New Jersey Restaurant Review

Caffé La Bella
Note: June 2008: Restaurant now closed.
61 East Main Street
Moorestown, Burlington County, New Jersey
(856) 234-7755

By The Artful Diner
Special to New Jersey Online
10/27/2003

Caffé La Bella has been around a good long time. Twenty-two years to be exact... nine under its current proprietor, Jason Dogan. And that's quite a commendable run for an unpretentious little eatery that has been dubbed "Moorestown's best kept secret." The cuisine surely isn't about to set any new culinary standards; it's your basic, straightforward Italian fare rounding up all the usual suspects -- seafood, pasta, veal, and chicken -- proffered in prodigious portions at reasonable prices, which, undoubtedly, accounts for the establishment's continuing popularity.

When my wife and I lived in the area, we paid calls here quite frequently and always enjoyed our dining experiences. Our two most recent visits, however, the first in nearly fifteen years, garnered decidedly mixed reactions. The décor hasn't changed a great deal: Norman Rockwell prints still keep company with French Impressionists, while cranberry tablecloths and fresh flowers add a comfortable splash of color to the cozy, bustling space.

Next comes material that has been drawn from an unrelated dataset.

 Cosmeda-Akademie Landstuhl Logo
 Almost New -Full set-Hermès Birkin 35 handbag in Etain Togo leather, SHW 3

The food, though, is another story. While it would certainly be unfair to say that the vittles have taken a nosedive, there is no question in my mind that the current emphasis is upon quantity rather than quality. Unless you have the peristaltic capacity of a starving yak, trust me, you'll be pleading with your server to commandeer a doggy bag -- if for no other reason than fear of offending the chef's delicate sensibilities.

And yet... even in the midst of this establishment's gastronomic ups and downs, one item has remained a delightful constant: the incredibly addictive garlic bread. It is perfectly toasted, exhibiting just the proper "crunch" without threatening any demonstrative damage to your costly dental work; and the seasonings manage to perk up the palate without undue discomfiture to your spouse/significant other, or distress to any vampires who may be lurking nearby.

After this high-water mark, I'm afraid, things do get a bit dicey... You may dine reasonably well here, but choices must be made with a good degree of circumspection.

Given the gargantuan dimensions of the entrées, and the fact that soup or salad is included with your meal, starters strike me as entirely superfluous. On the other hand, should your appetite be equal to the task, bivalves offer the greatest chance of success. The clams and mussels marinara ($7.25), marred by just the slightest hint of grit, are plump and succulent and swim to table in a pleasantly murky sea that hints provocatively of the primordial depths. In a variation on the theme, the clams possilipo ($7.25), aided and abetted by a zippy red sauce, are also quite recommendable.

Other appetizers include a good but not exceptional offering of roasted red peppers and mozzarella ($7.95), generic antipasto adorned with the usual ho-hum assortment of meats, cheeses, and pickled vegetables ($6.95), and a standard issue shrimp cocktail ($8.95).

Among the freebies, the various soups -- lentil/vegetable and tomato rice, for example -- tend to be under seasoned and underwelming... but they are infinitely preferable to the less than exciting gathering of gelid greens and eminently forgettable bottled dressings.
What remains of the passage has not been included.